2024-02-24 at 20:07 [dardel]
Serious file system problems, job starts have been disabled again, investigation is ongoing.
2024-02-24 at 18:12 [dardel]
System maintenance done, Dardel is running jobs since a few hours.
2024-02-14 at 18:00 [dardel]
Issues related to flapping network connectivity between file-servers and compute clients addressed.

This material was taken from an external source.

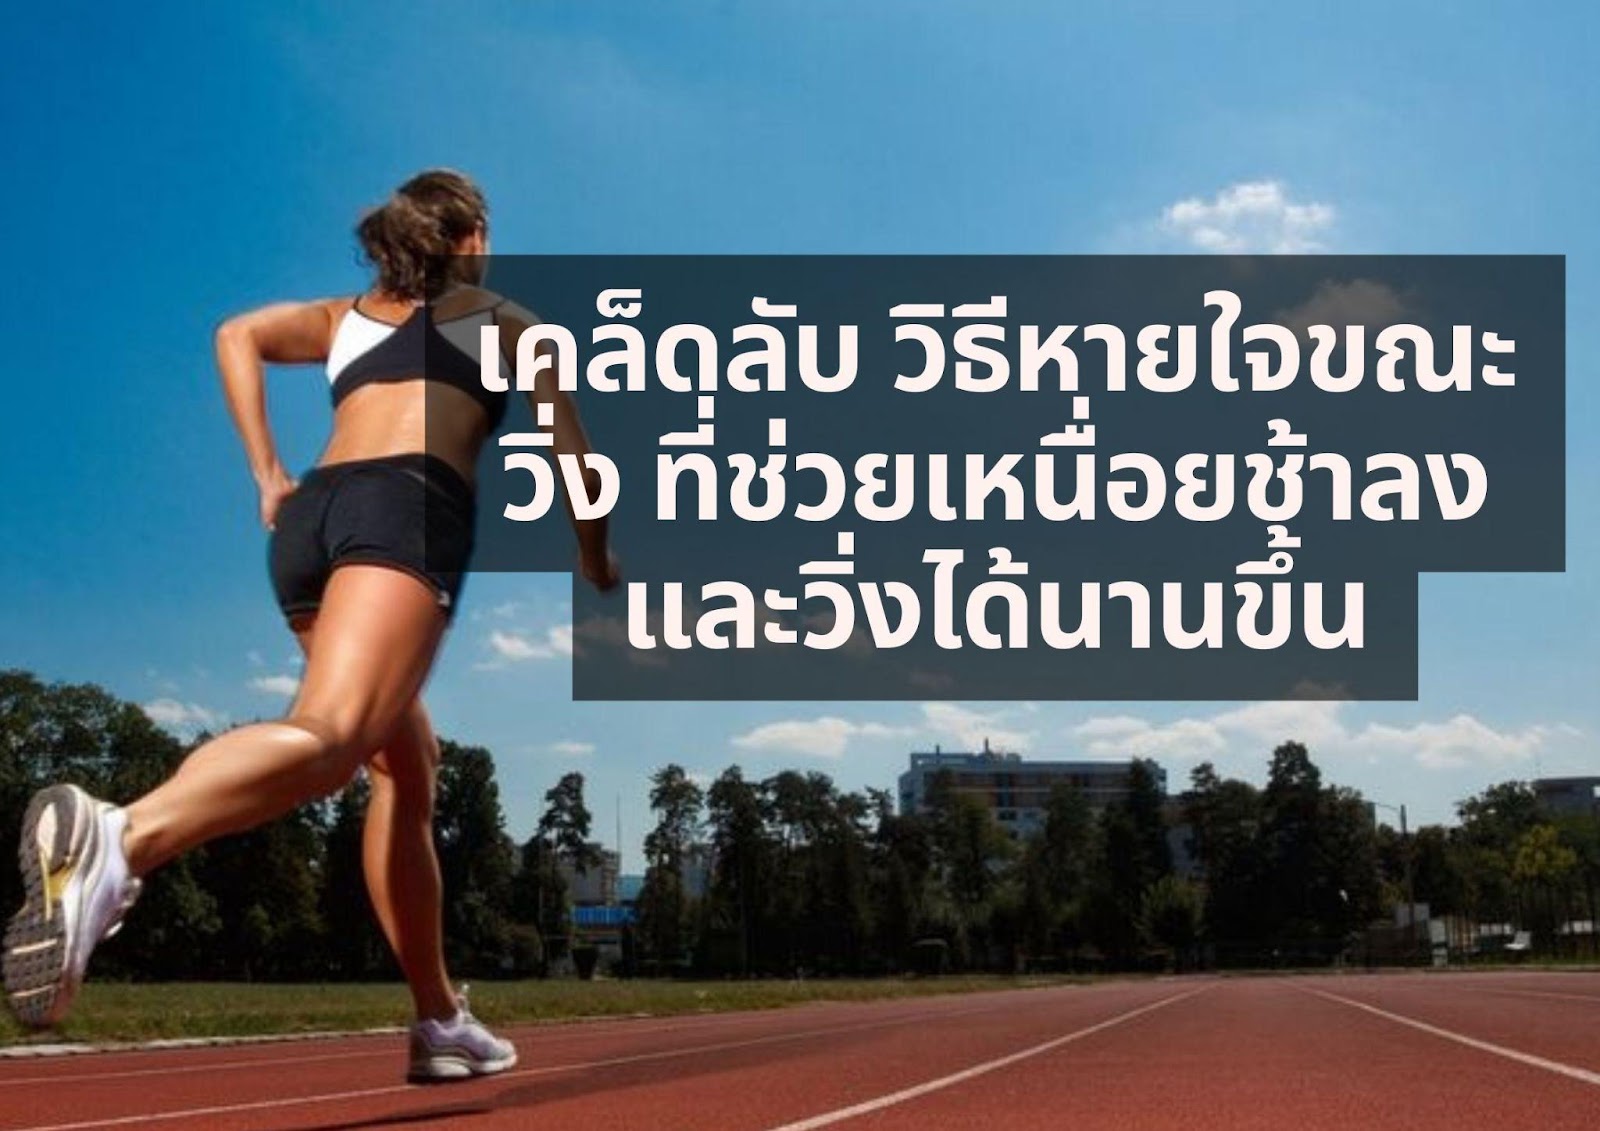 เคล็ดลับ วิธีหายใจขณะวิ่ง ที่ช่วยเหนื่อยช้าลงและวิ่งได้นานขึ้น

Job starts resumed since half an hour.

Please be aware of that the forthcoming extensive update 2024-02-19, and that the internal bug in the lustre file-system both remain.

Important info can be found at issues/update .

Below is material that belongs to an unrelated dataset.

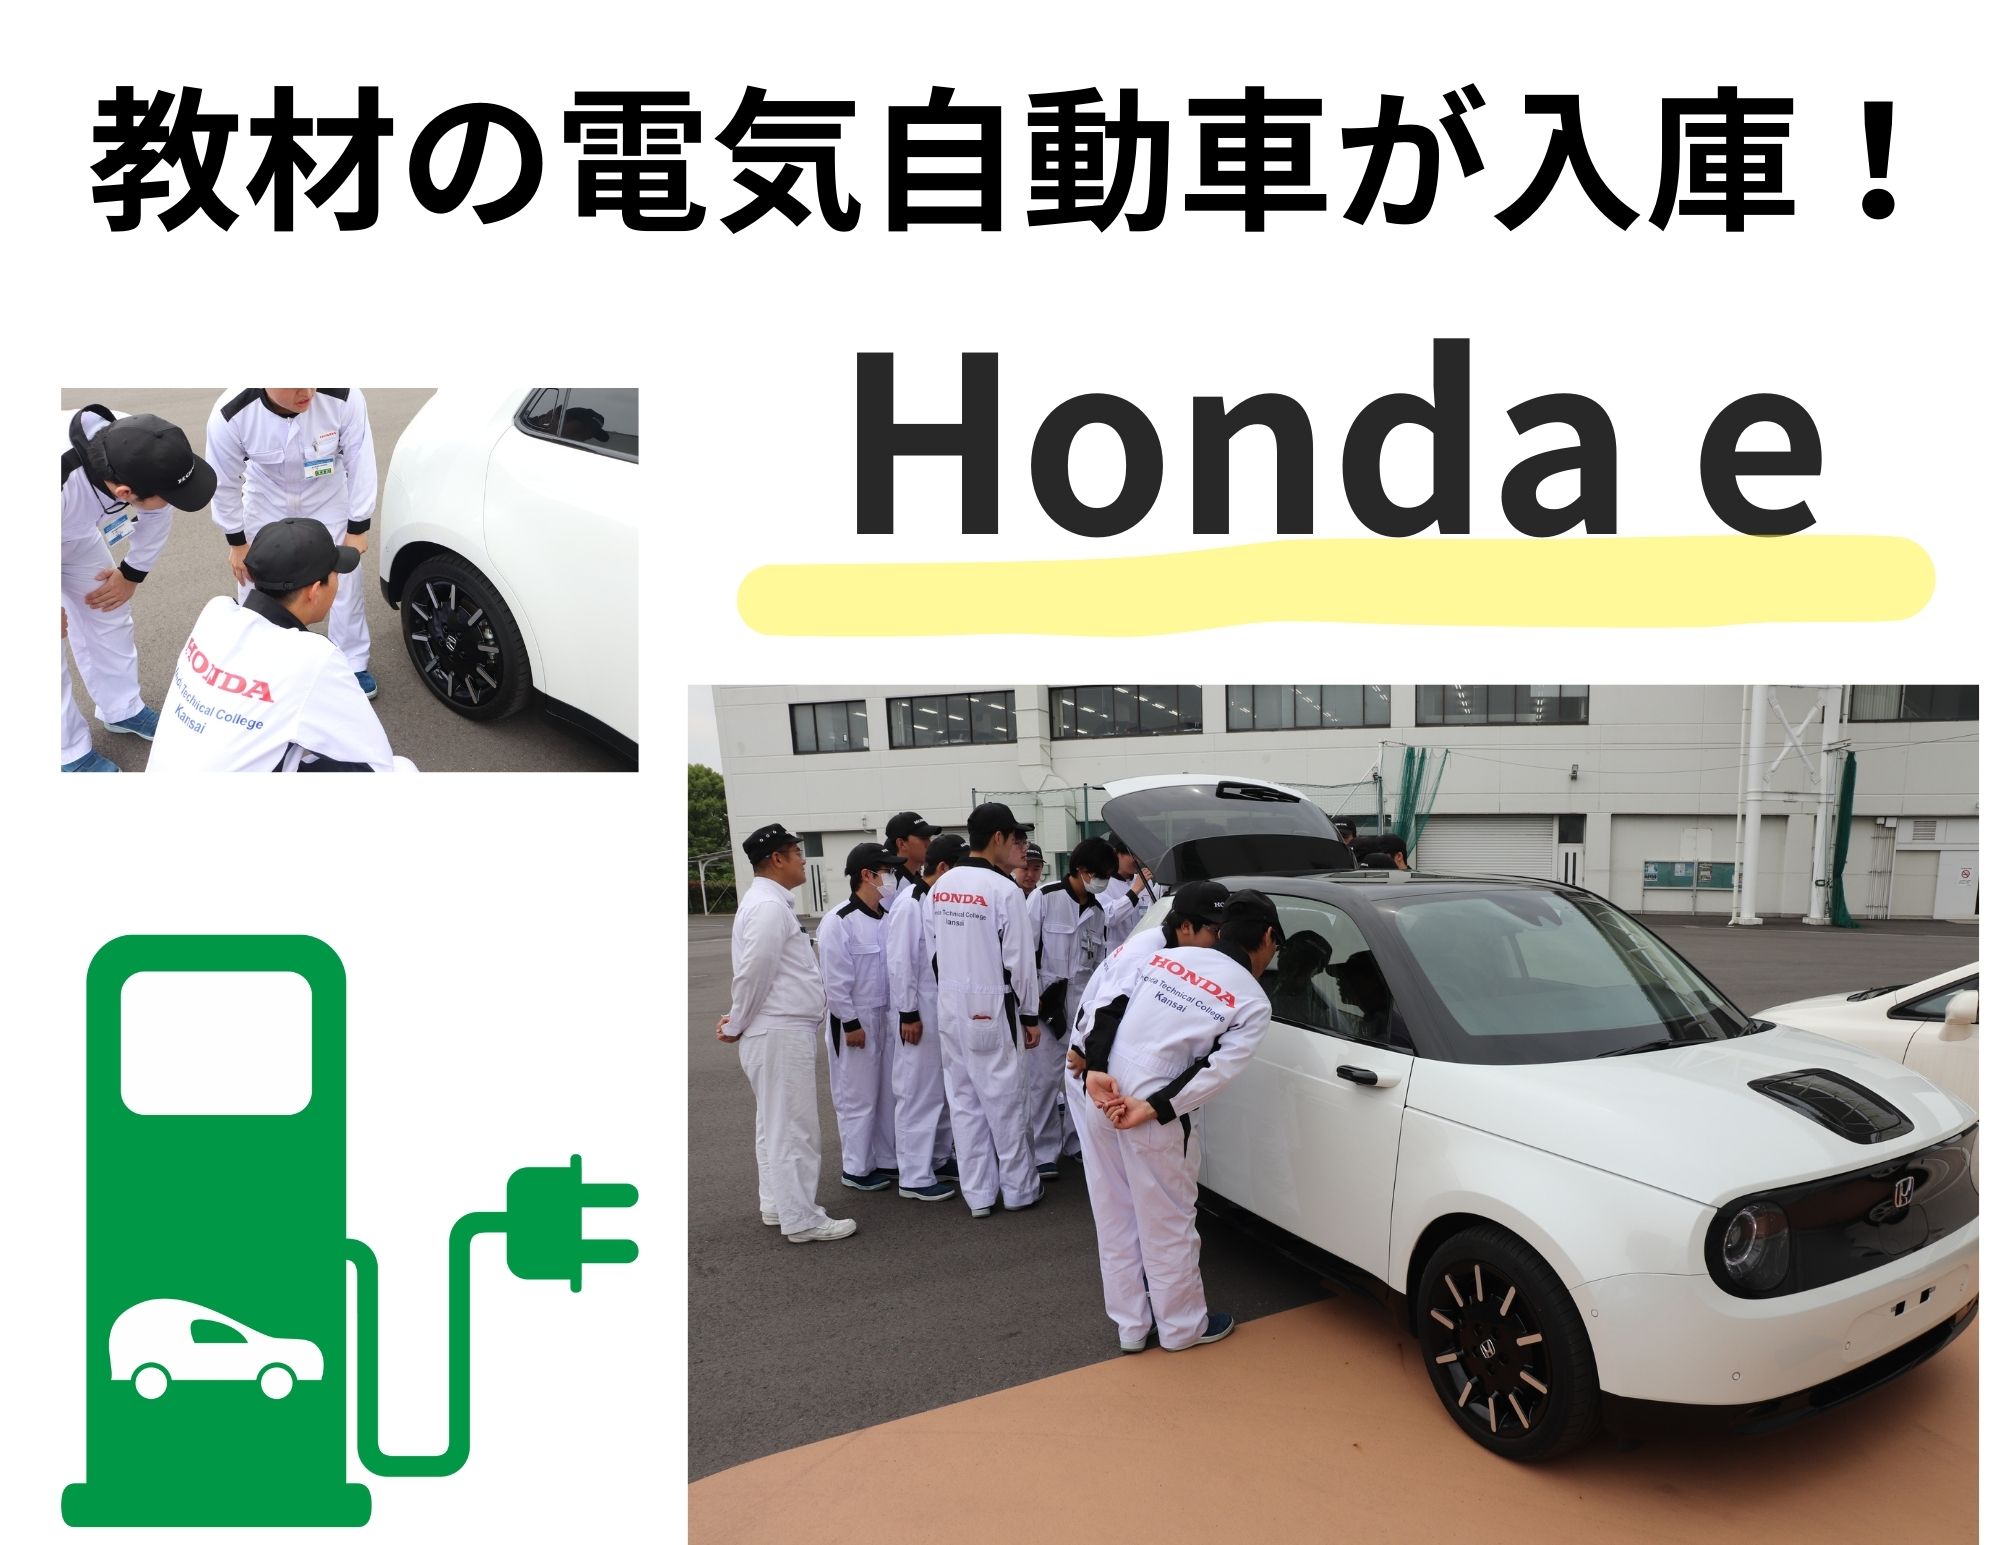 ”興味津々”「電気自動車のHonda e」が教材として入庫(^_-)-☆

2024-02-12 at 20:55 [dardel]
As issues continue (also involving flapping connectivity between file-servers and clients) no jobs will be allowed to enter running state, should they reside under /cfs/klemming.

Please find more pieces of info on this, and info on forthcoming update starting 2024-02-19 at issues/update .

2024-02-12 at 18:30 [dardel]
Status of the ongoing serious issues regarding the lustre client (/cfs/klemming) and of forthcoming extensive upgrade, starting 2024-02-19, can be found at issues/update .
2024-02-05 at 14:58 [dardel]
After the updates last week (starting Wednesday 2024-01-31) many applications have hit what seem to be an internal bug in the lustre file-system client.

Typically this manifests itself through jobs not terminating/finishing properly. Nodes get stuck 'completing' after job finish for longer periods of time. Other jobs fail to start up properly on all nodes.

Several applications seem to be hit by the bug. However, 'vasp' applications seem more unfortunate.

Work to apply a work-around is on-going.